Scilla Elworthy... initiates peace


Scilla Elworthy three times Nobel Peace Prize nominee, reveals how we can stop conflict

For over 50 years, Scilla has been investigating and implementing the keys to successfully stopping armed violence for the past

Picture the Cotswolds, England: rolling hills, ancients woods, honey-coloured cottages. Here, in a converted stable in the tiny village of Sherborne, you’ll find Scilla Elworthy — peace-builder, conflict expert, and champion of the “mighty heart”. 

Her home, with its lush, cared-for walled garden, lends itself to quiet introspection. And quiet introspection, for Scilla, is key. 
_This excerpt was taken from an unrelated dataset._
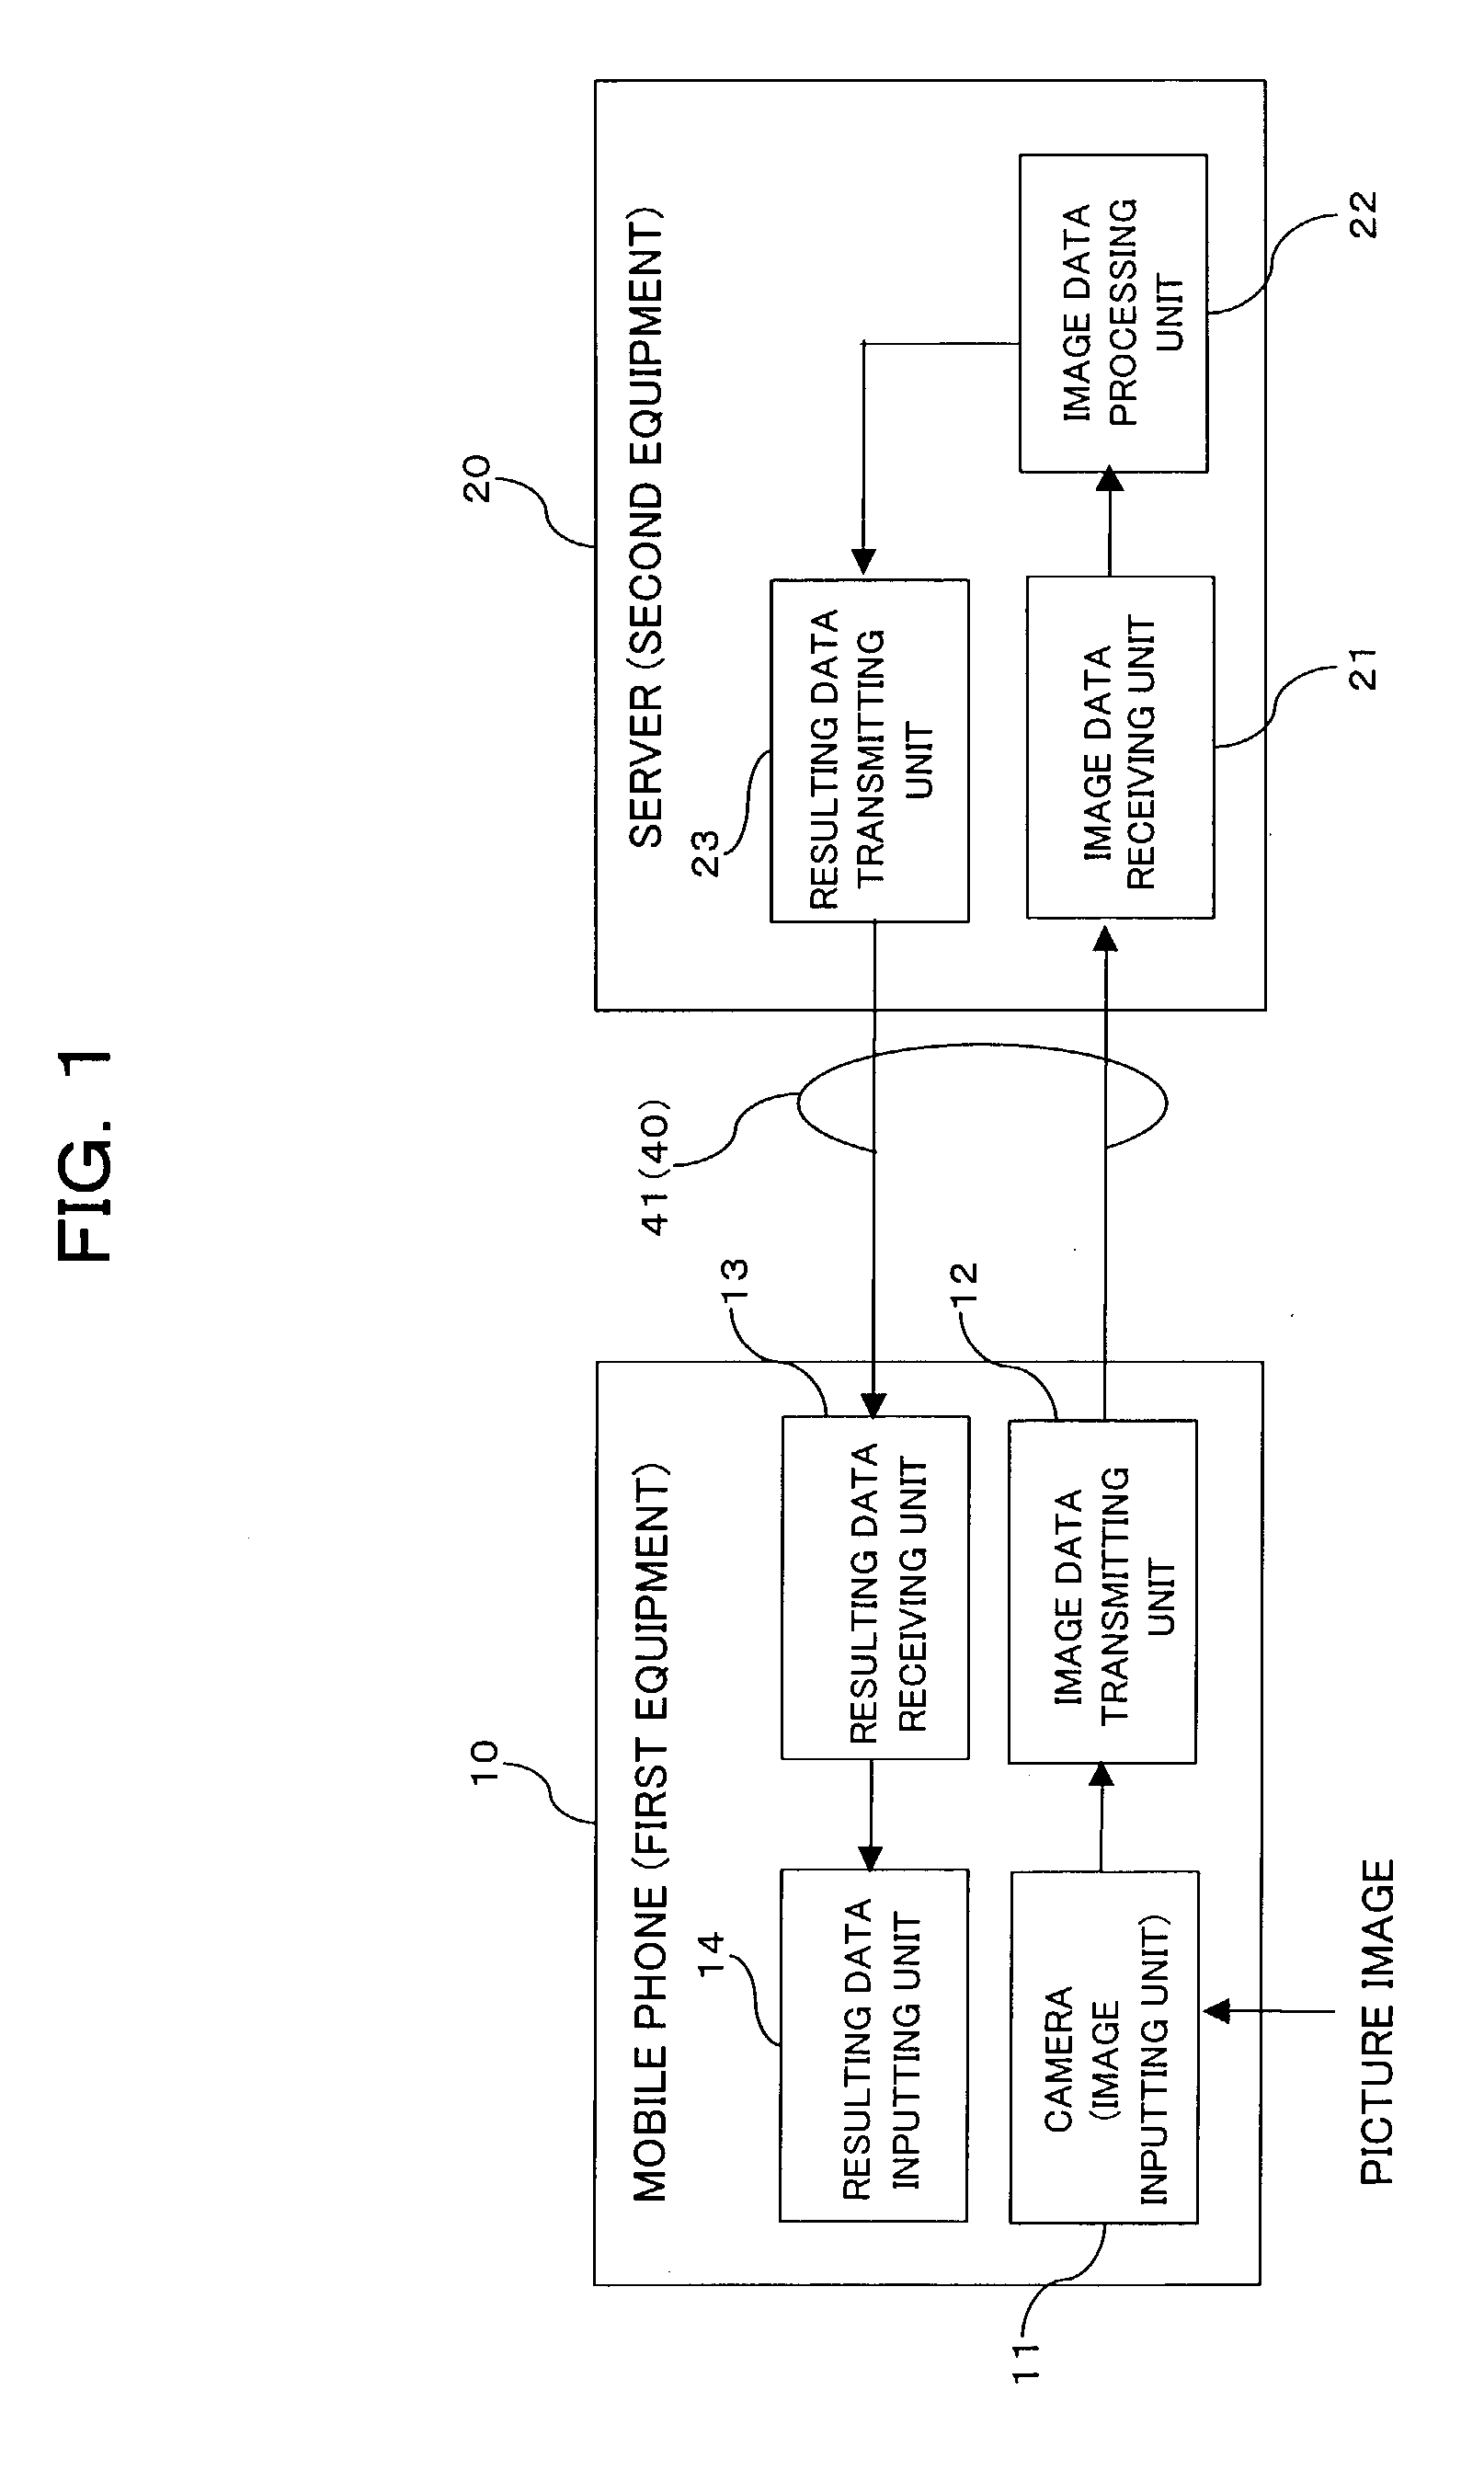 Image data processing system and image data processing server
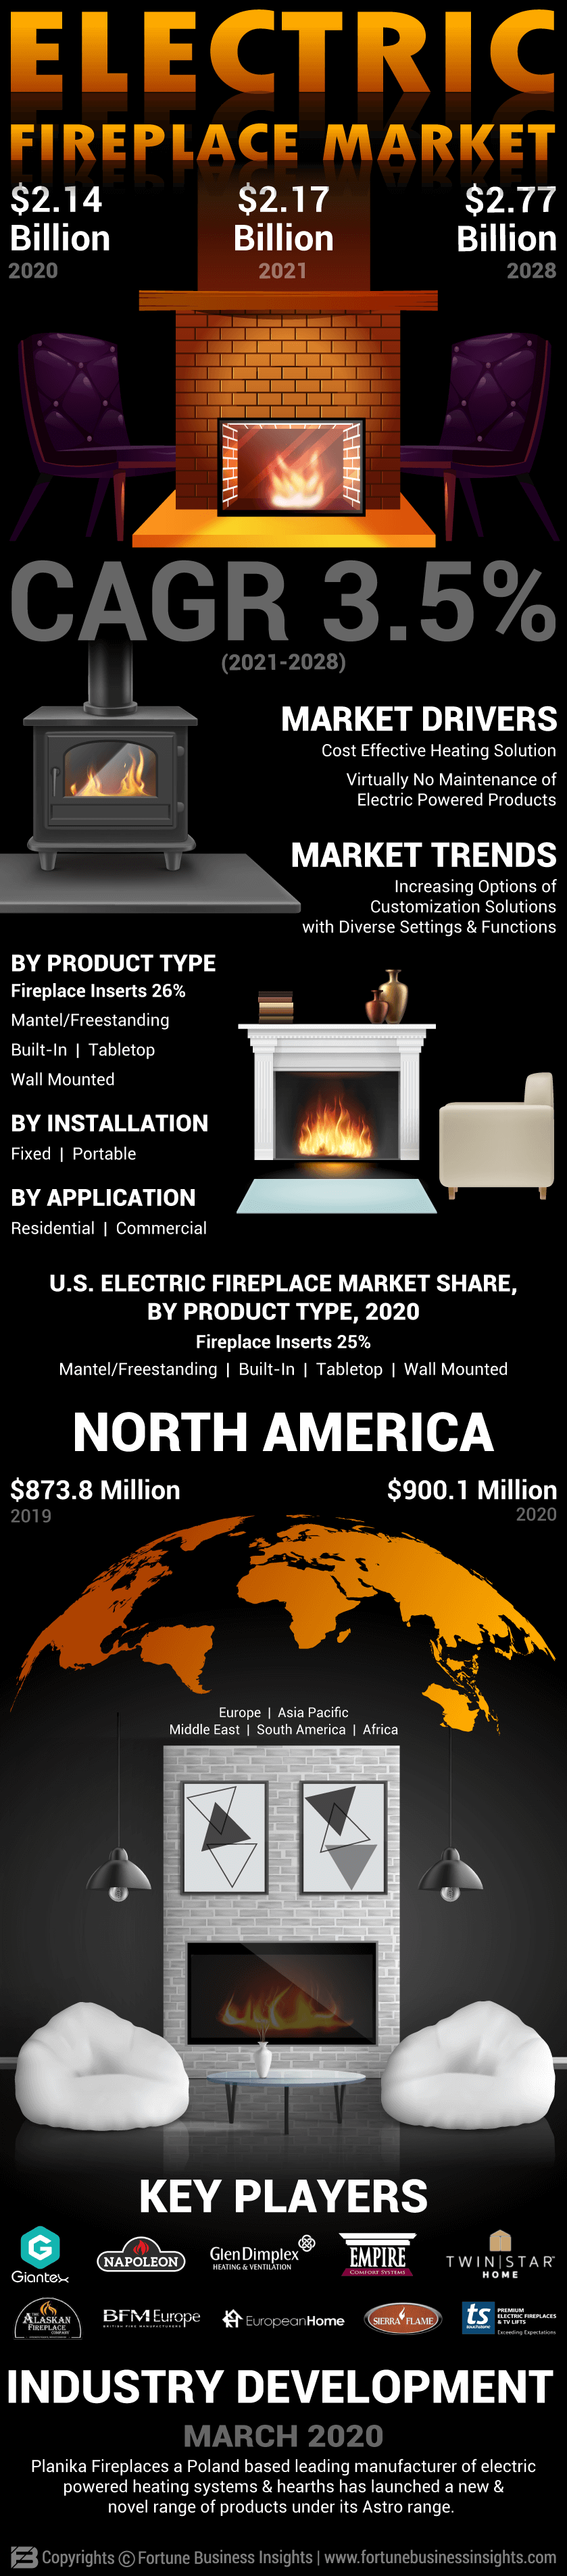 Electric Fireplace Market

Who am I? What are my needs? What matters to me? Only if we seek, and continuously revise, our answers to these fundamental questions, she thinks, are we in a position to exert positive influence on those around us — and be successful in our actions.

Scilla’s own life is filled with a wealth of both positive influence and successful actions. She is three times nominated for the Nobel Peace Prize, recipient of the Niwano Peace Prize, the Luxembourg Peace Prize — the list of accolades goes on.

For over 50 years, this investigator, negotiator, activist and author (trademark look: long white hair, smart black blazer — fashion is a sideline) has placed her passion and energy into one question: How do we create lasting peace?

Her calling arrives early on, when, aged 13, she is sitting in front of her parents’ TV (she grows up in a military family in Scotland) and sees Soviet tanks invade Budapest to quell the 1956 Hungarian Revolution.

Scilla rushes upstairs and starts packing her suitcase. When her mother comes up and asks what is going on, she shouts: “I’m going to Budapest!” (She does not even know where Budapest is.)

“What for?”

“Something terrible is happening there, I have to go!” 

“Don’t be so silly.”

Scilla starts to cry, and her mother understands. “I’ll help you to get trained, if you just unpack your suitcase.” 

Scilla is dedicated to solving that one question:
How do we create lasting peace?

Three years later, Scilla is off to work in a holiday home for concentration camp survivors. Degrees in social and political science follow. On term breaks, she helps out at refugee camps in France and Algiers.

In 1982, Scilla makes her name by setting up the Oxford Research Group, and quietly brings together opposing sides of the nuclear weapons debate. It turns out to be milestone work.

She goes on to found Peace Direct, a non-profit supporting grassroots peace-builders in conflict zones, and advises Nelson Mandela, Desmond Tutu and Peter Gabriel in creating their coalition of former stateswomen and -men, The Elders.

Scilla offers practical, constructive solutions: her Business Plan for Peace consists of 25 viable methods to prevent war worldwide, over 10 years, for less than 2 billion dollars. But if she sees the bigger picture, she never loses sight of the local, the immediate, the personal. 

The place her own introspection has led her, most recently, couldn’t be more personal: “The keys to successful prevention of armed violence,” she writes in her latest book, “are respect, speed of reaction and developing the presence of a mighty heart.”

How to train such a heart? 

Based on five decades spent working with generals, politicians and CEOs, Scilla is convinced that empathy has to be the first step — with others, but also with yourself. Add the creation of a bridge between the heart and the mind, deep listening, and trust in your intuition and an exercise plan starts to emerge. The Mighty Heart is not an academic tome, but a slim, practical guide: a How-To that speaks to individuals as much as organisations.

It’s difficult to stay optimistic, right now, as a new war wields its brutal reality of death and destruction — and, with it, an overwhelming sense of helplessness and uncertainty — but if there is a place to find renewed hope, where could be more likely than in a million mighty hearts?